The panel also rejected Harvard’s argument for an⁤ “actual notice” ⁣exception, accusing the school of “gaslighting.” Judge Selya emphasized the importance of deadlines in ‌a claims-based policy like this, stating that⁣ enforcing the notice requirement promotes fairness in rate setting.

The appeals ‍court explained that a claims-made policy aims to minimize ⁢the time⁢ between a⁢ claim being made and the payment. If an ‍insurer is unaware of a claim until years later,⁣ the purpose of insuring claims rather‌ than occurrences is ‍undermined.
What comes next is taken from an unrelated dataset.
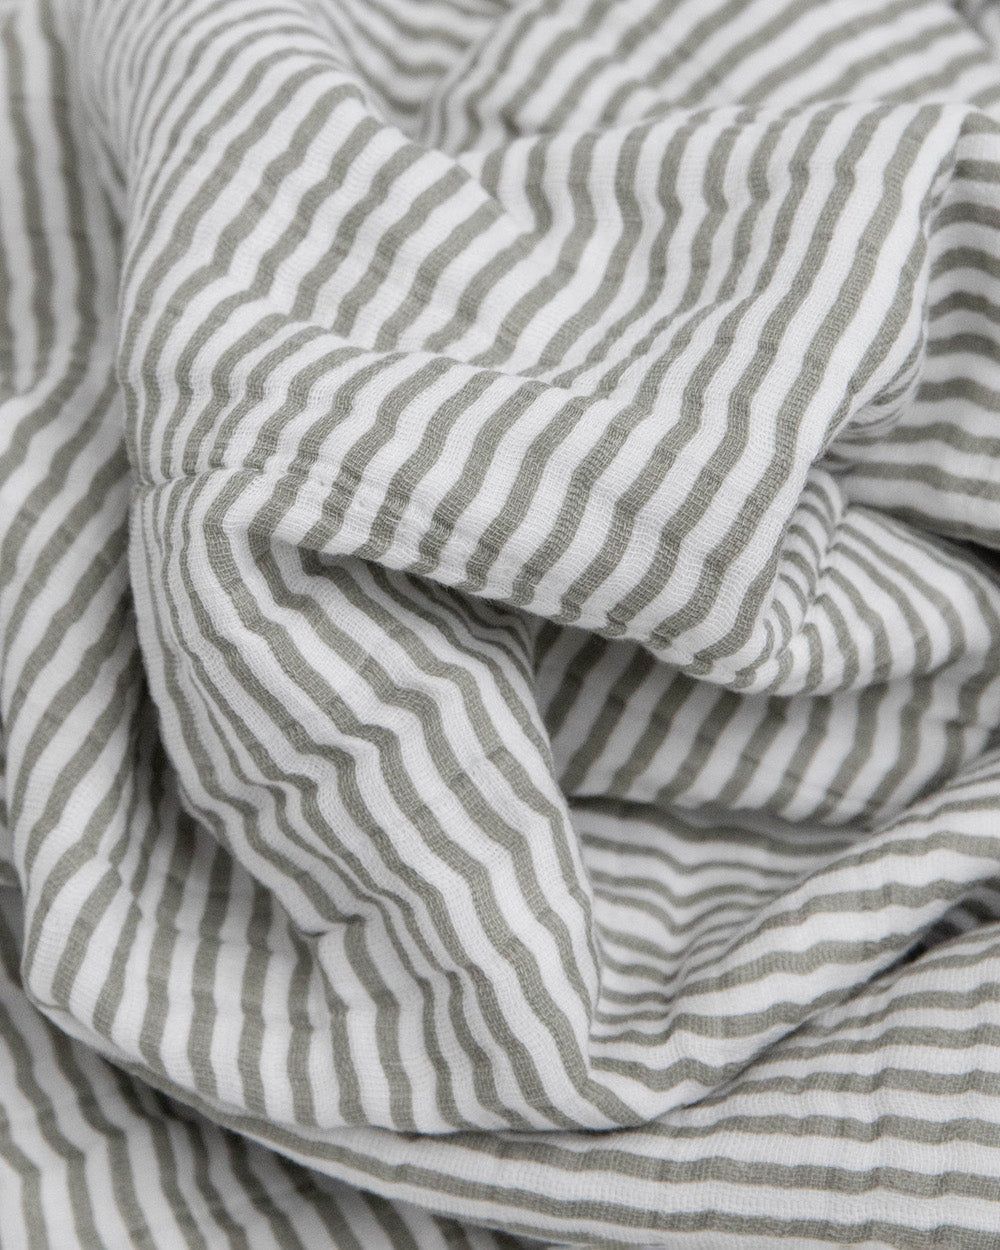 Little Unicorn Cotton Muslin Baby Quilt | Grey Stripe

The court’s opinion emphasized that in Massachusetts, notice​ provisions of claims-made⁤ policies are essential and intended to facilitate investigations into ⁣claims and promote fairness in rate ⁣setting.

9-Year Legal ⁢Battle

The ⁣dispute ⁣over Harvard’s ​admissions ⁣policy‍ began in 2014 when the ⁤SFFA, representing a coalition of students who claimed discrimination‍ based‌ on their Asian ancestry, ⁣filed a ⁢lawsuit. In 2020,‌ the Court of Appeals ​for ‍the 1st Circuit upheld a lower court ⁤decision ‍that Harvard’s consideration of ‌race in its admissions process is not discriminatory. This prompted the SFFA ​to take the legal battle ‌to the⁤ U.S. Supreme Court.

In⁢ a significant ruling this June, ‍the Supreme Court declared it unconstitutional for colleges and‌ universities to use race as a factor in​ admissions decisions. Chief ⁤Justice John Roberts,‌ writing for the conservative-leaning majority, criticized institutions that prioritize an individual’s skin color over their achievements‍ and character.

Justice‍ Sonia Sotomayor dissented, expressing concerns about the future of racial equality in the United States and criticizing‍ her conservative colleagues for promoting a⁤ “superficial rule of colorblindness.”